**Description of the task**.
Would you please transcribe the data in full and exactly, excluding images?
*** Available data ***
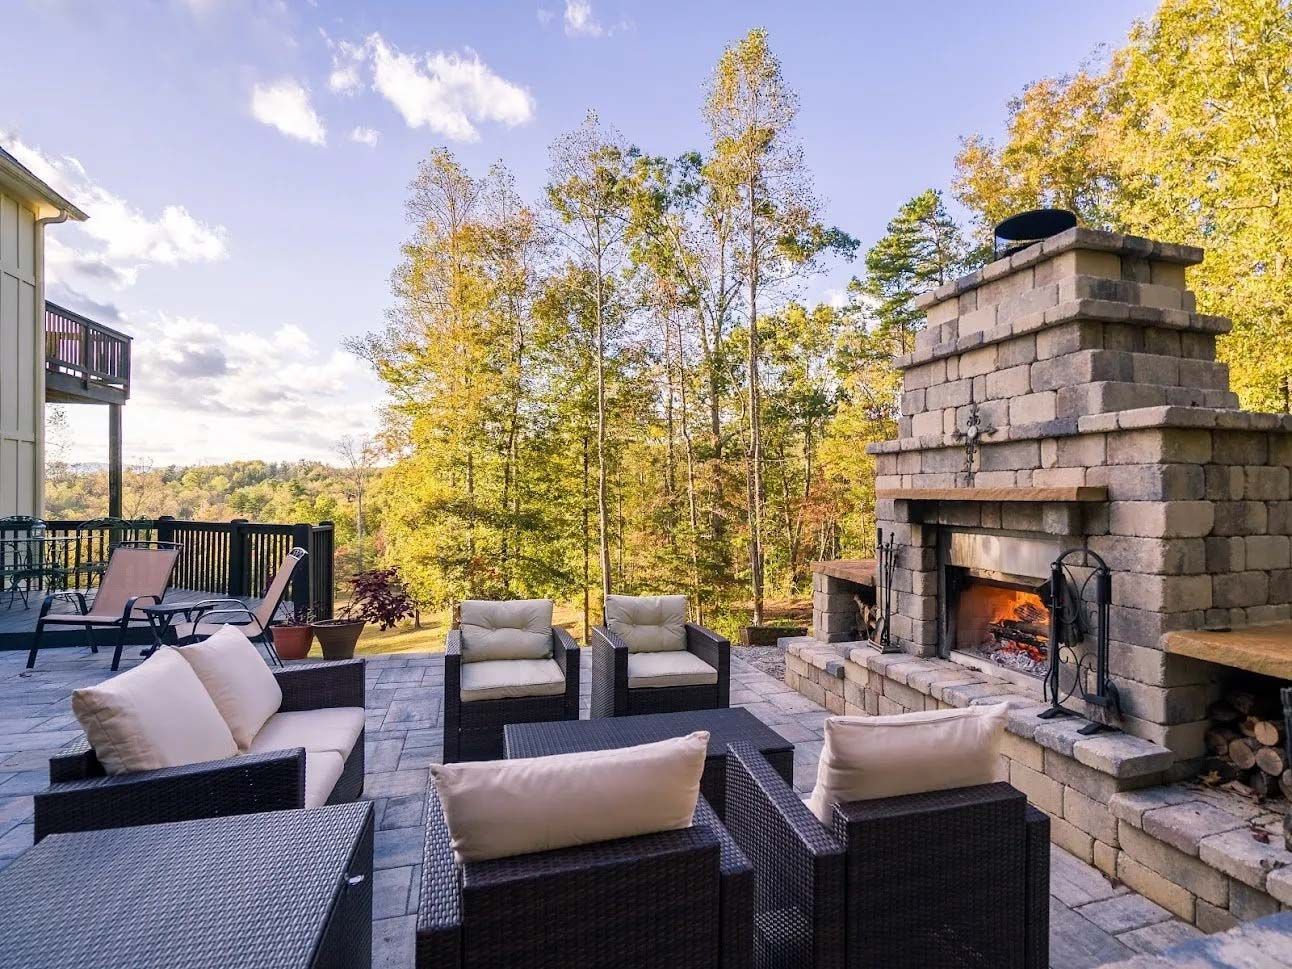 3 Factors to Consider When Designing an Outdoor Fireplace
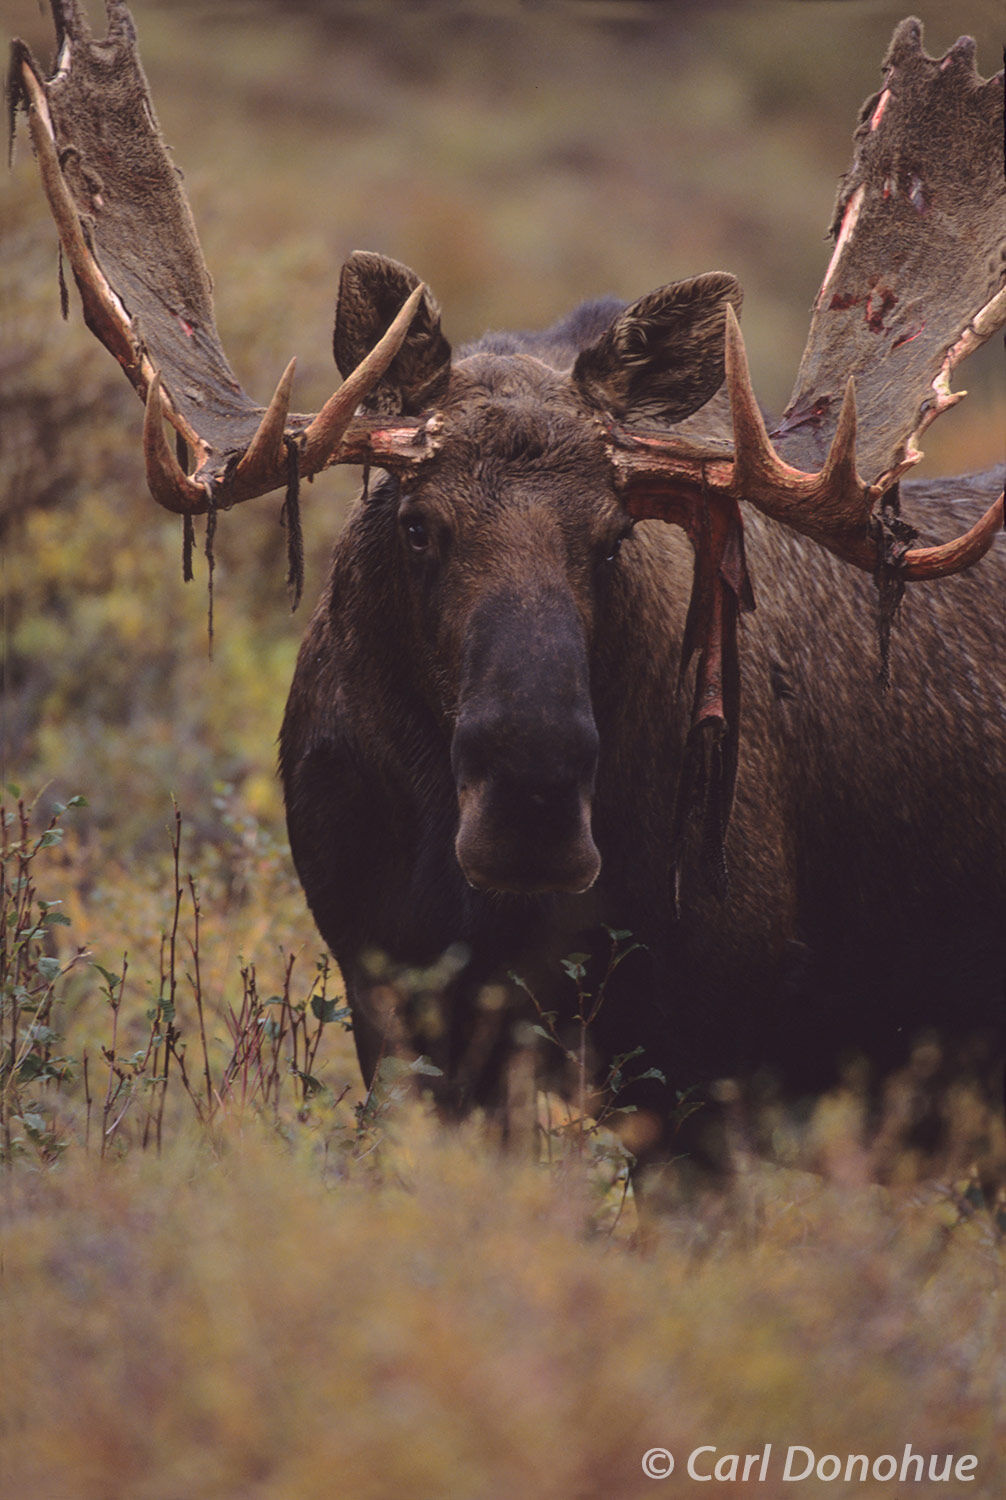 A bull moose stands tall among the fiery reds and oranges of the fall foliage in Denali. Bull moose are a symbol of the rugged...
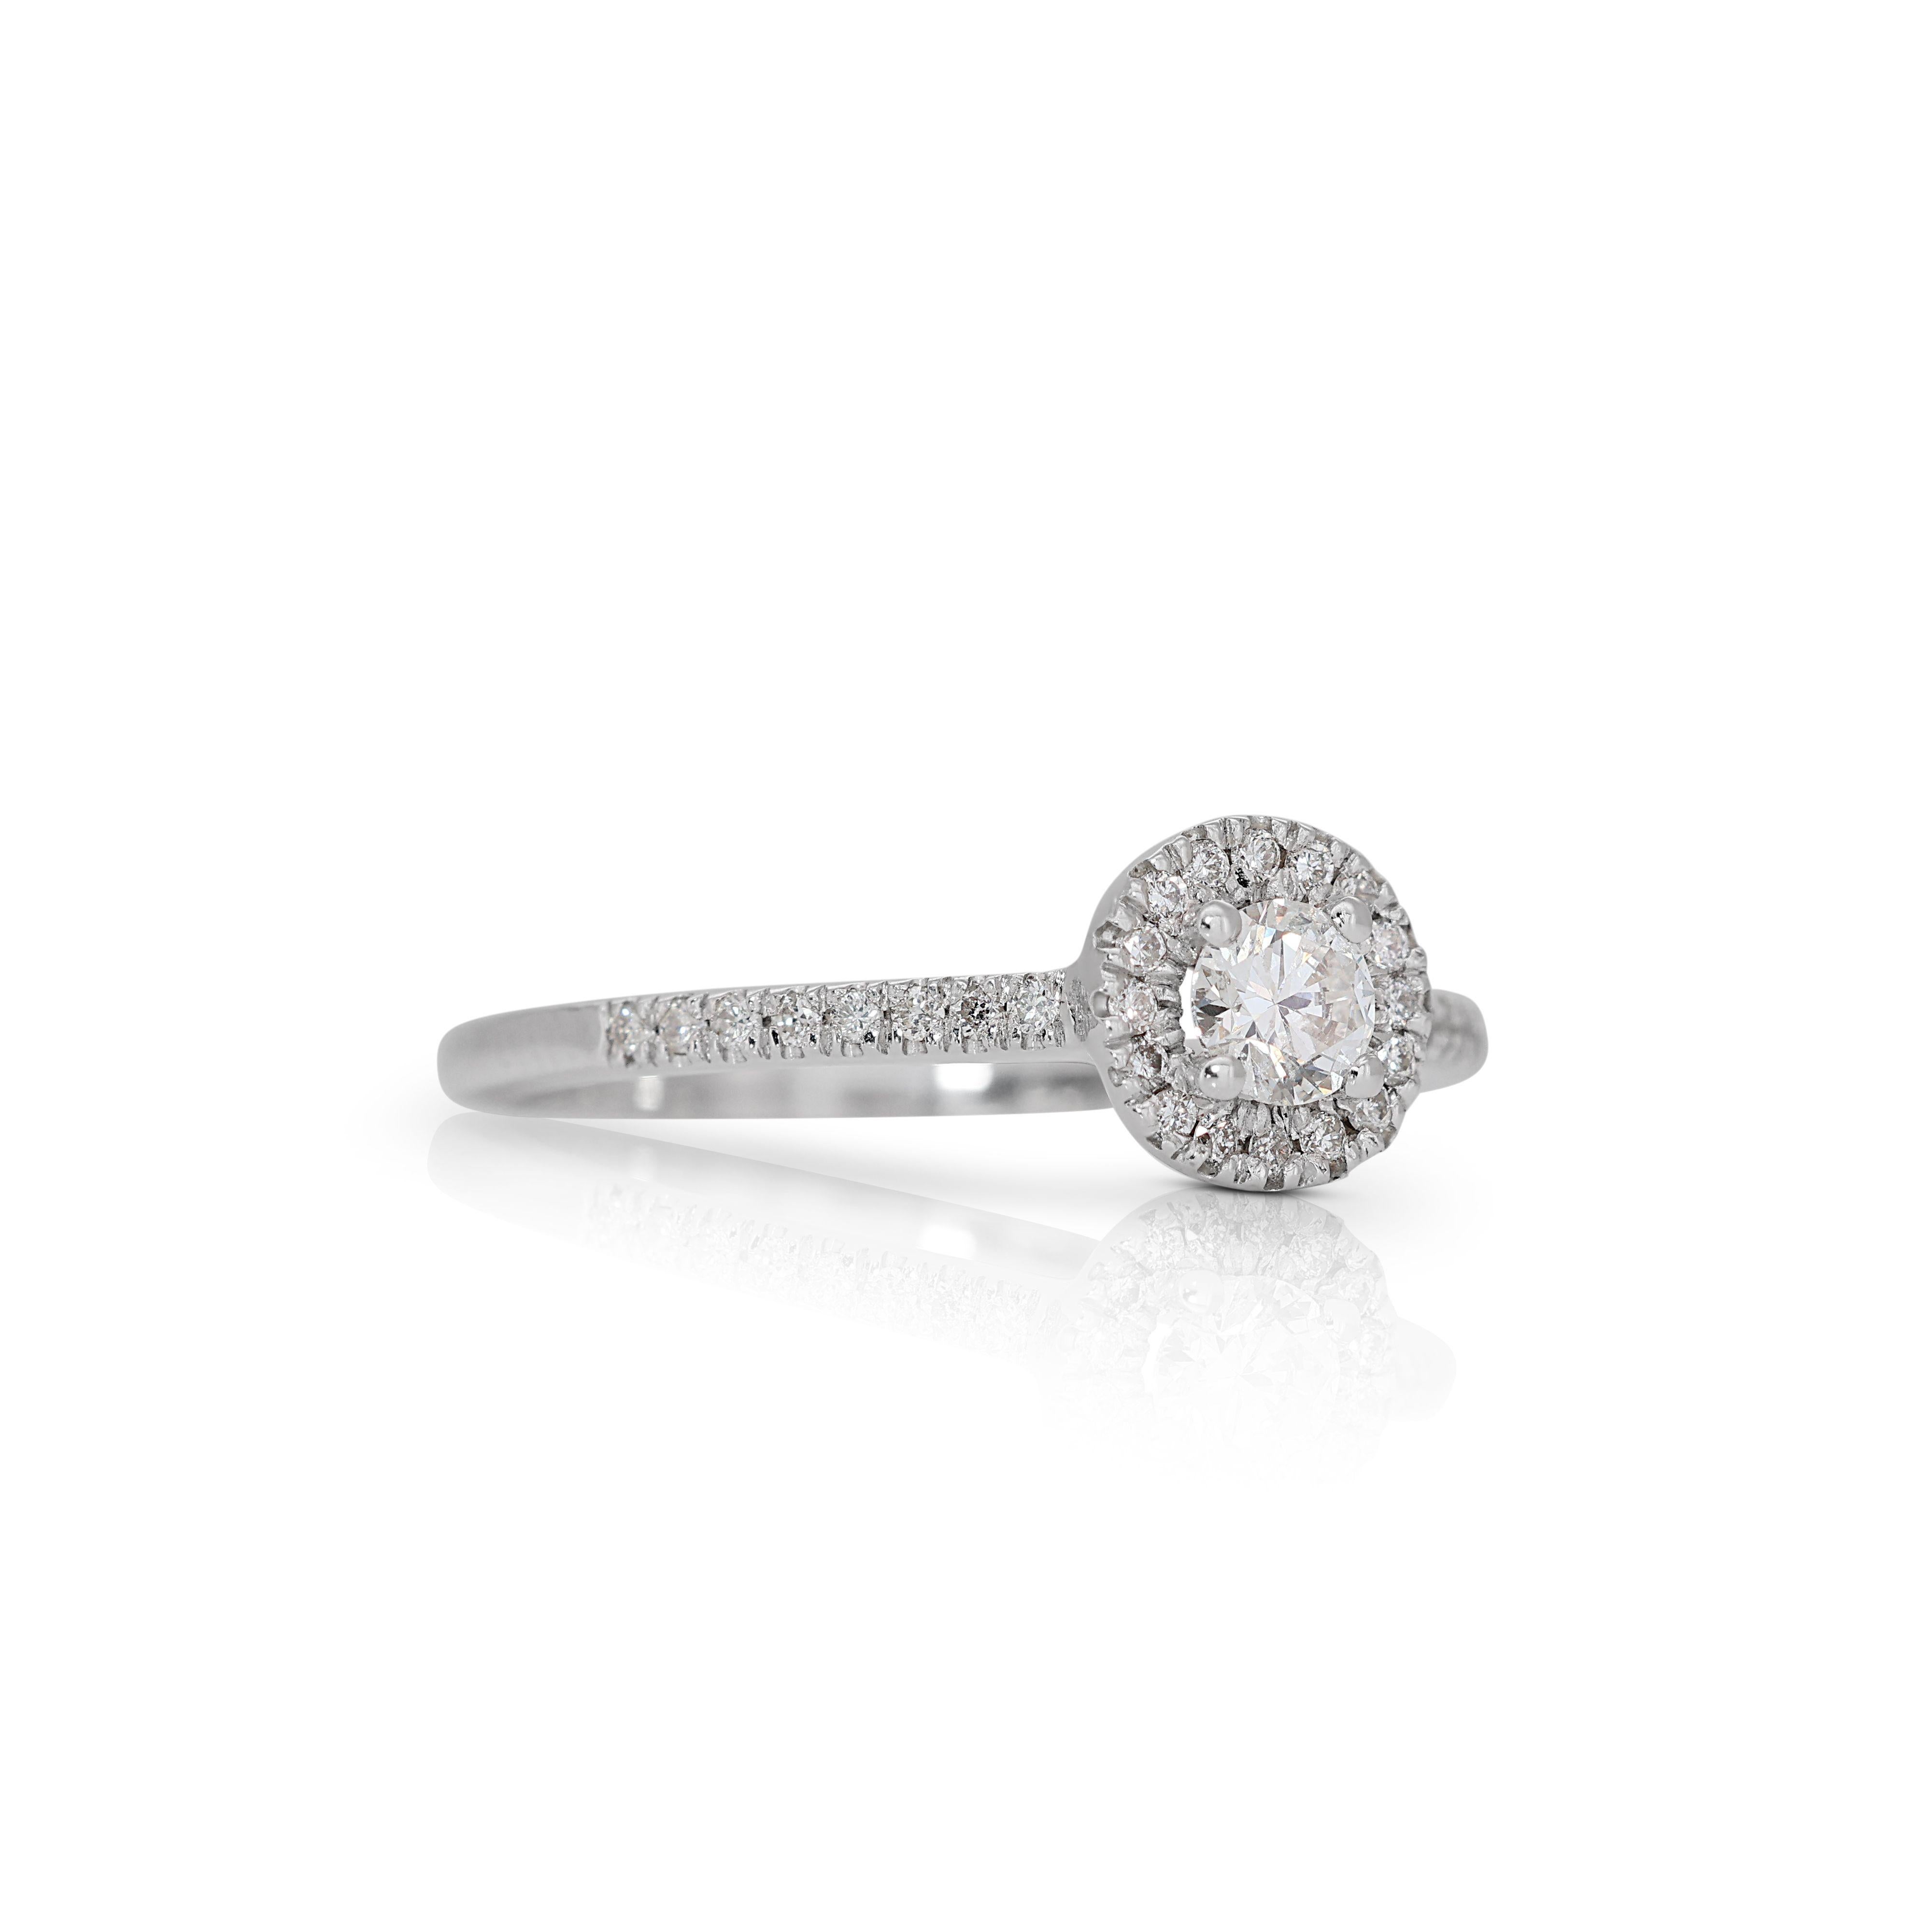 This ring is an ideal choice for those who appreciate the perfect union of classic and modern aesthetics. Whether worn as an engagement ring or as a statement piece for special occasions, the 14K White Gold Diamond Halo Pave Ring is a symbol of
*** End of Available data ***
**Finished exercise**.
 3 Factors to Consider When Designing an Outdoor Fireplace
 A bull moose stands tall among the fiery reds and oranges of the fall foliage in Denali. Bull moose are a symbol of the rugged...
 This ring is an ideal choice for those who appreciate the perfect union of classic and modern aesthetics. Whether worn as an engagement ring or as a statement piece for special occasions, the 14K White Gold Diamond Halo Pave Ring is a symbol of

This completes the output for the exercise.